Each memory must pass the atomicity test:

  1. Can you understand it at first glance?
  2. Can you title it in 5-50 words?
  3. Does it represent ONE concept/fact/decision?

Constraints

Field Limit Guidance
Title 200 chars Short, searchable phrase
Content 2000 chars Single concept (~300-400 words)
Context 500 chars WHY this matters
Keywords 10 max For semantic clustering
Tags 10 max For categorization

Importance Scoring

Score Use For
9-10 Personal facts, foundational patterns
8-9 Critical solutions, major decisions
7-8 Useful patterns, preferences
6-7 Milestones, specific solutions
5-6 Minor context (use sparingly)

Project Discovery

Before creating memories, find the correct project:

  1. Get current repo - Check the git remote:

    git remote get-url origin
    

    Extract the repo identifier (e.g., ScottRBK/forgetful-plugin)

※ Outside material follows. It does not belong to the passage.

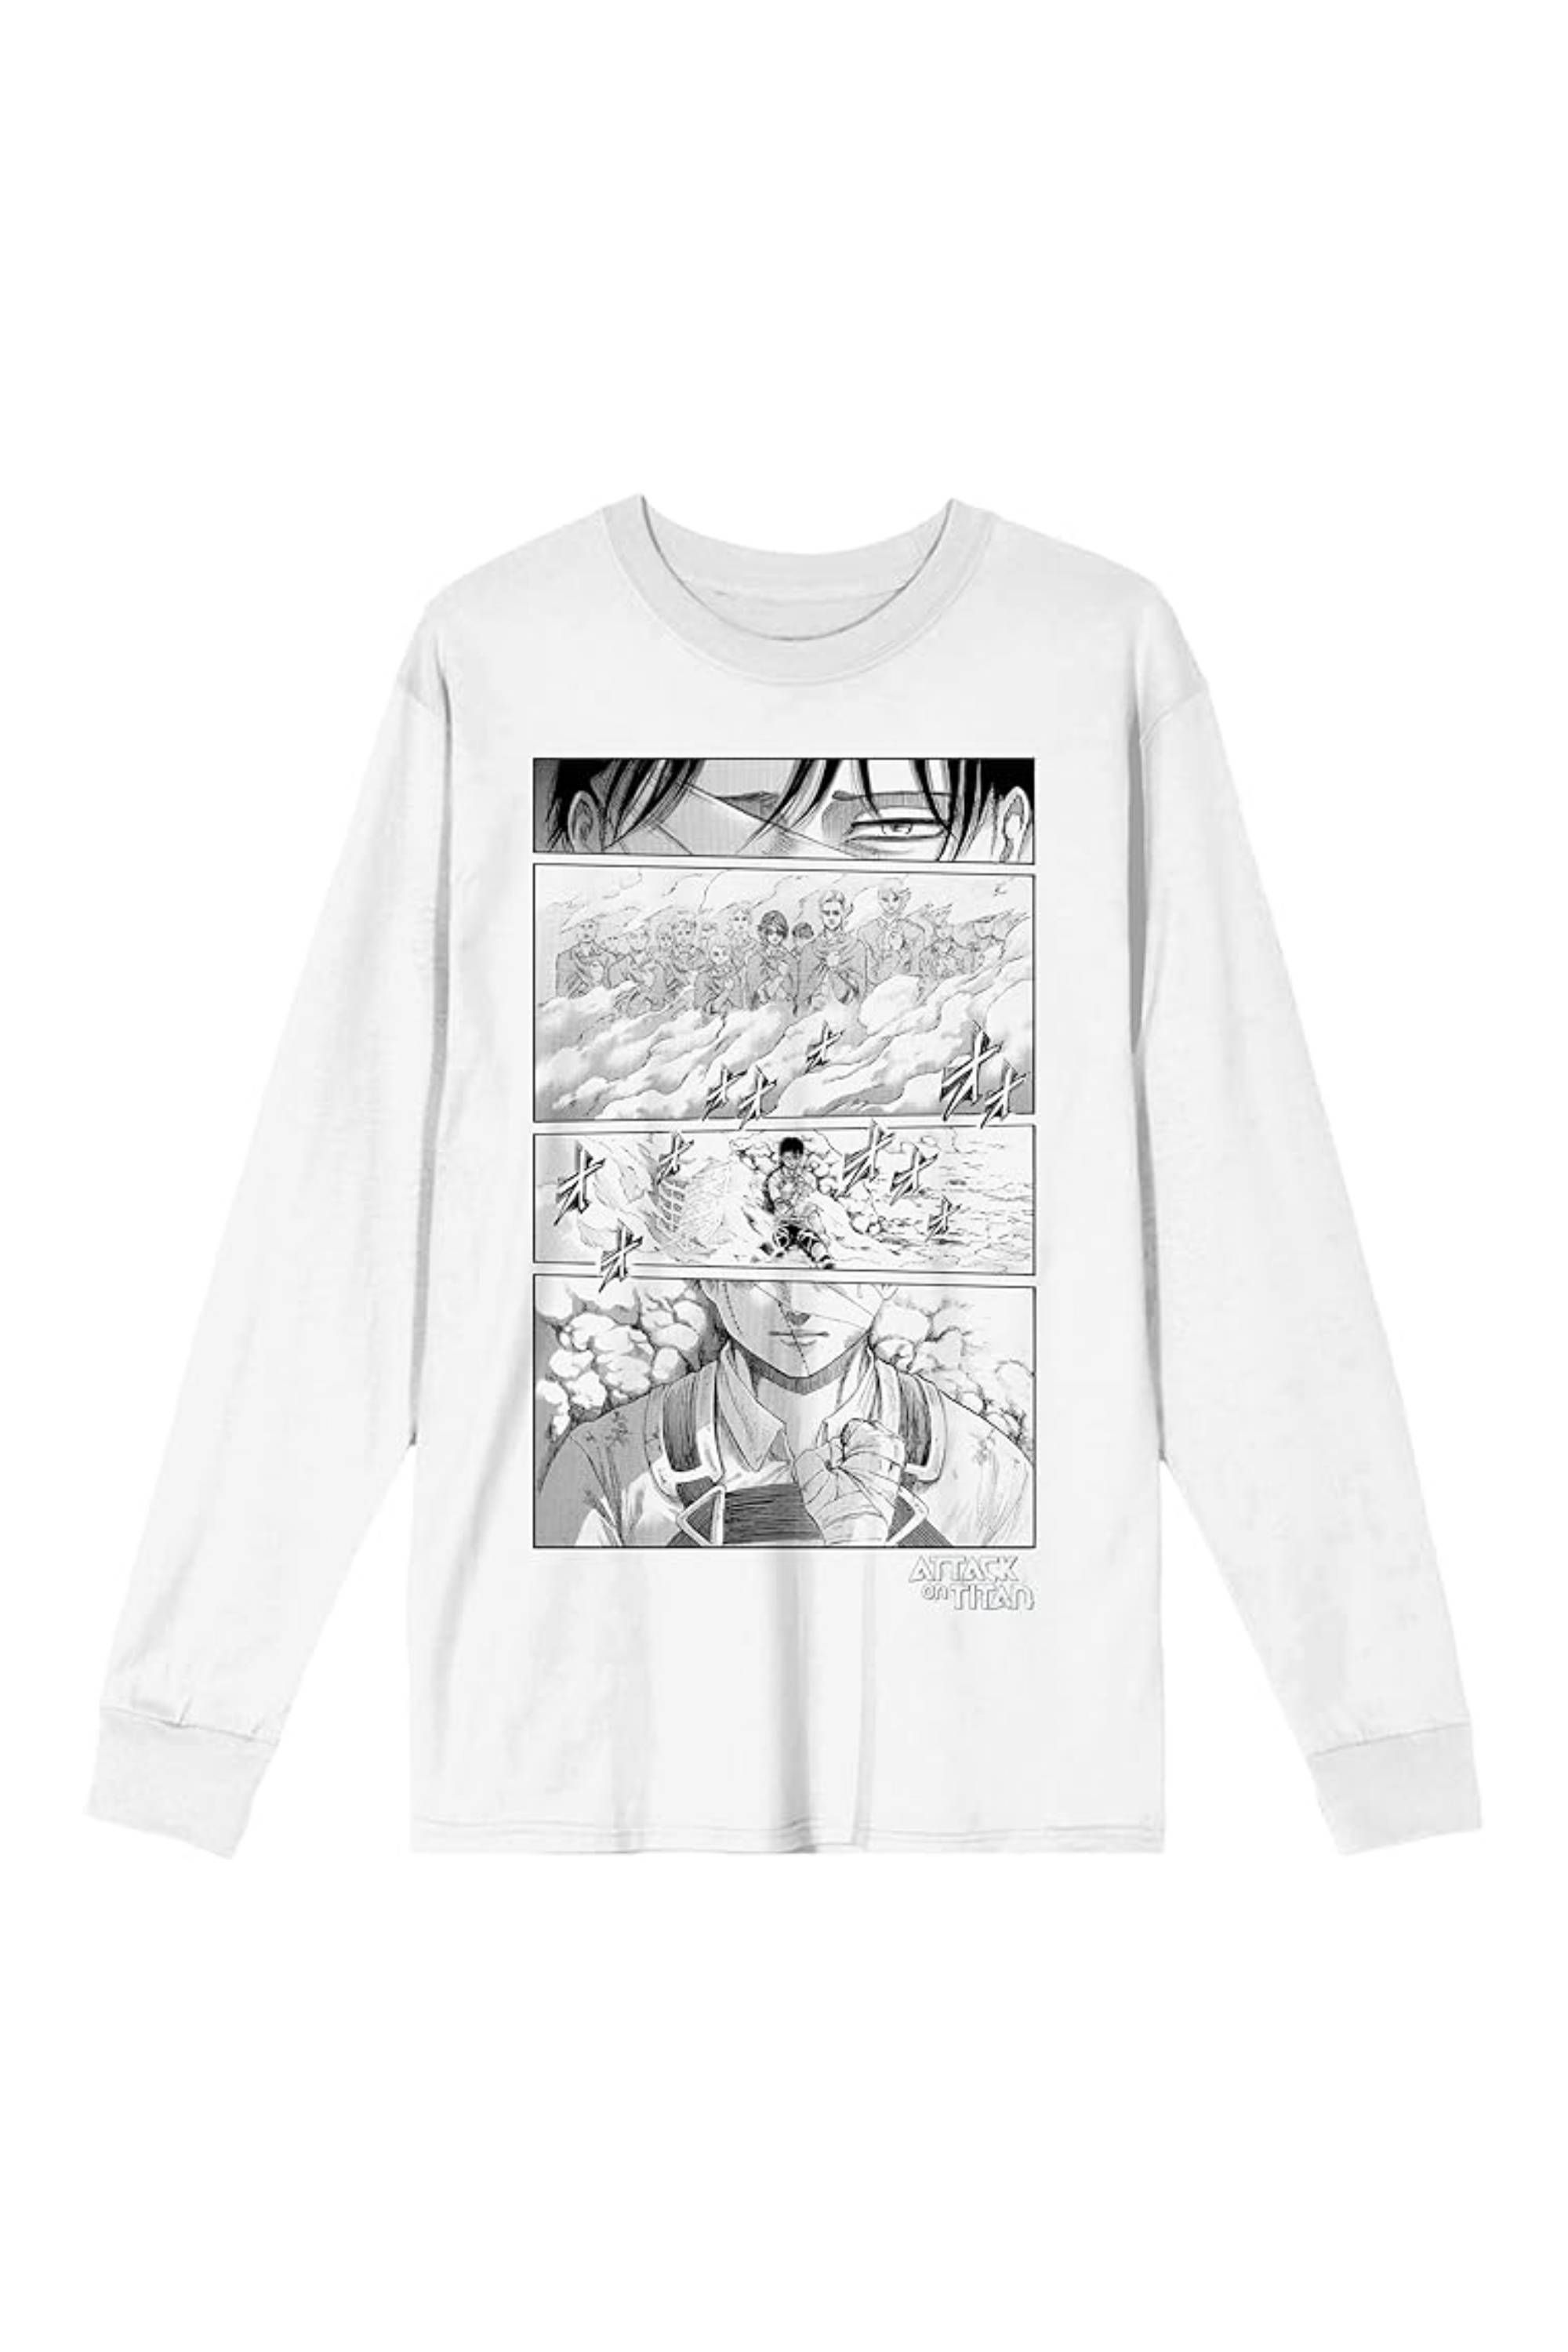 Attack On Titan Levi's Hallucinations Adult White Long Sleeve Tee

  2. Search by repo - Filter projects directly:

    execute_forgetful_tool("list_projects", {"repo_name": "owner/repo"})
    
  3. Use the project_id - Never assume project 1 - always discover first

If no project exists for the current repo:

  • Ask user if they want to create one (with repo_name set)
  • Or scope the memory without a project_id (global memory)

Query Before Create

Always check for existing memories before creating:

execute_forgetful_tool("query_memory", {
  "query": "<topic of potential new memory>",
  "query_context": "Checking for existing memories before creating",
  "k": 5
})

If similar memory exists:

  • Update it instead of creating duplicate
  • Or mark it obsolete if superseded
  • Or link new memory to existing one

Announcing Memory Operations

When creating a memory (importance >= 7), announce:

💾 Saved to memory: "[title]"
   Tags: [tags]
   Related: [auto-linked memory titles]

When querying, summarize:

Found X memories about [topic]:
- [Memory 1]: [brief insight]
- [Memory 2]: [brief insight]

Content That's Too Long

If content exceeds 2000 chars:

  1. Use create_document for full content
  2. Extract 3-5 atomic memories as entry points
  3. Link memories to document via document_ids

Example: Architecture overview (document) → separate memories for each layer/decision.


Tool Quick Reference

Common tools you can call directly via execute_forgetful_tool(tool_name, args):

Memory Tools

Tool Required Params Description
query_memory query, query_context Semantic search
create_memory title, content, context, keywords, tags, importance Store atomic memory
get_memory memory_id Get full memory details
update_memory memory_id PATCH update fields
link_memories memory_id, related_ids Manual bidirectional linking
mark_memory_obsolete memory_id, reason Soft delete with audit
get_recent_memories (none) Recent memories list

Project Tools

Tool Required Params Description
list_projects (none) List all projects
create_project name, description, project_type Create project container
get_project project_id Get project details

Entity Tools

Tool Required Params Description
create_entity name, entity_type Create org/person/device
search_entities query Text search by name/aka
link_entity_to_memory entity_id, memory_id Link entity↔memory
get_entity_memories entity_id All memories for entity
create_entity_relationship source_entity_id, target_entity_id, relationship_type Knowledge graph edge

Document & Code Artifact Tools

Tool Required Params Description
create_document title, description, content Long-form content
create_code_artifact title, description, code, language Reusable code

Full schemas: See TOOL_REFERENCE.md for complete parameter details and examples.